Random Forest Encoder (Operator Toolbox)
Synopsis
This operator applies a Random Forest model on a data set. The difference between this operator and the usual Apply Model operator is that this does not create confidences and predictions but rather the confidence for the positive class for each individual tree in the forest. The result is an ExampleSet with X new attributes (where X = number of trees) called score_X. This can be used as an encoder. One application for this is to build a more sophisticated voting model than the typical voting (average) by training another learner on the results. Another use case is to encode nominal features into numerical ones.
This operator also provides a preprocessing model. This preprocessing model can be grouped with any subsequent model to be applied after another.
Input
- exa (Data table)
Input ExampleSet which should be encoded.
- mod (Random Forest Model)
Random Forest model which is used for encoding.
Output
- exa (Data table)
The ExampleSet with the result of the application.
- mod
The passed through Random Forest model.
- pre
A preprocessing model which can be used to apply the same transformation to another data set.
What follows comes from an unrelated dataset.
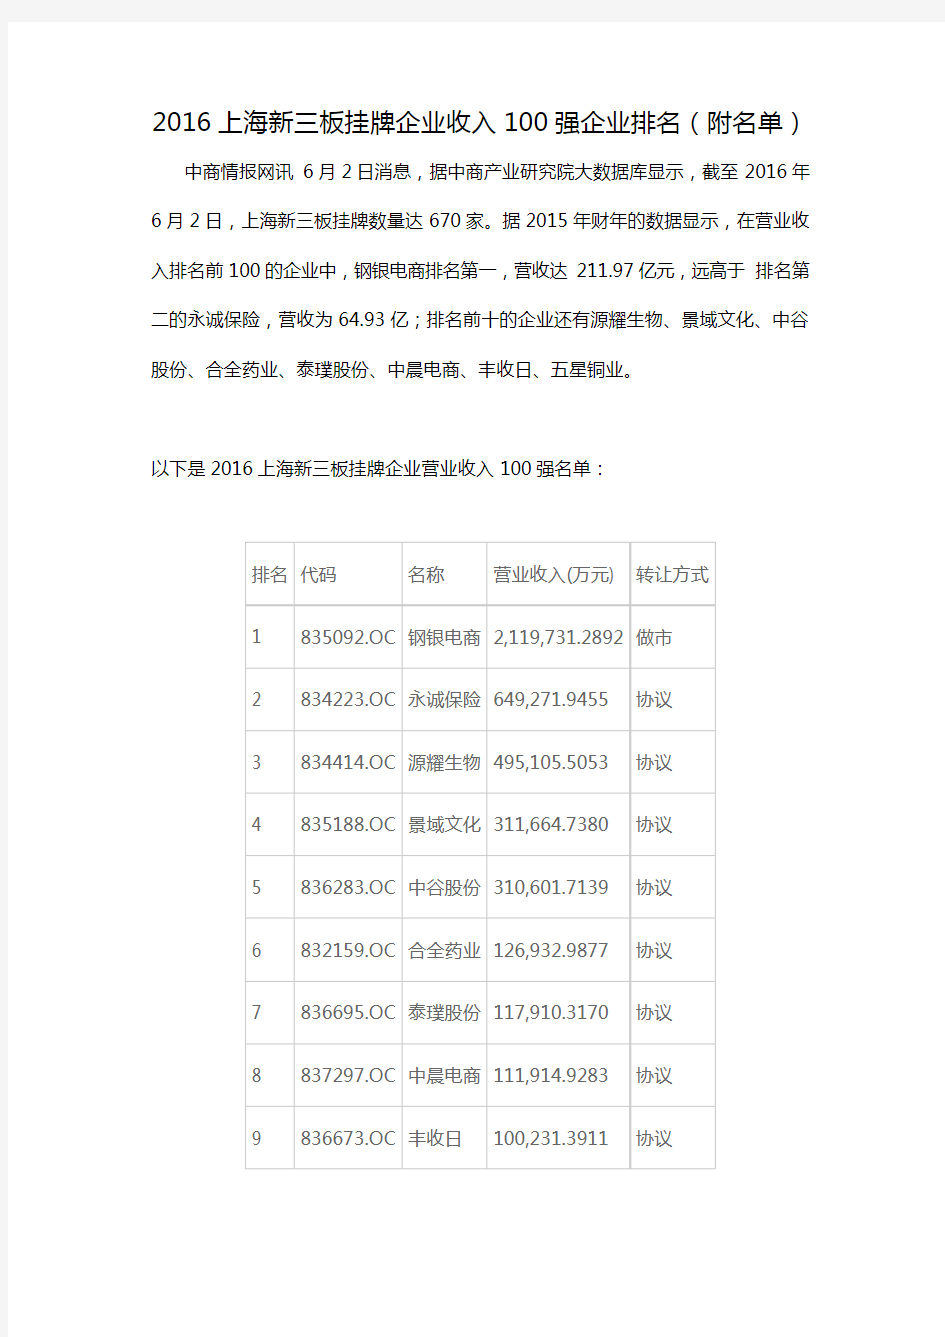 (完整word版)2016上海新三板挂牌企业收入100强企业排名(附名单)

This can also be used with the Group Models operator.
Parameters
- remove original attributes If checked all original attributes are removed from the resulting ExampleSet and only the encoding attributes are kept.
Tutorial Processes
Encode Sonar
In this process we read the sonar data set and encode it with a Random Forest with 10 trees. The result is a new ExampleSet containing 10 scores but not the individual attributes anymore.
Encode Golf and use Logistic Regression
In this process we read the Golf data set and create a cross-validated classification model on it. We encode our data with a Random Forest and use a Logistic Regression on the encoded results. The models are grouped together using the preprocessing model provided by the Random Forest Encoder.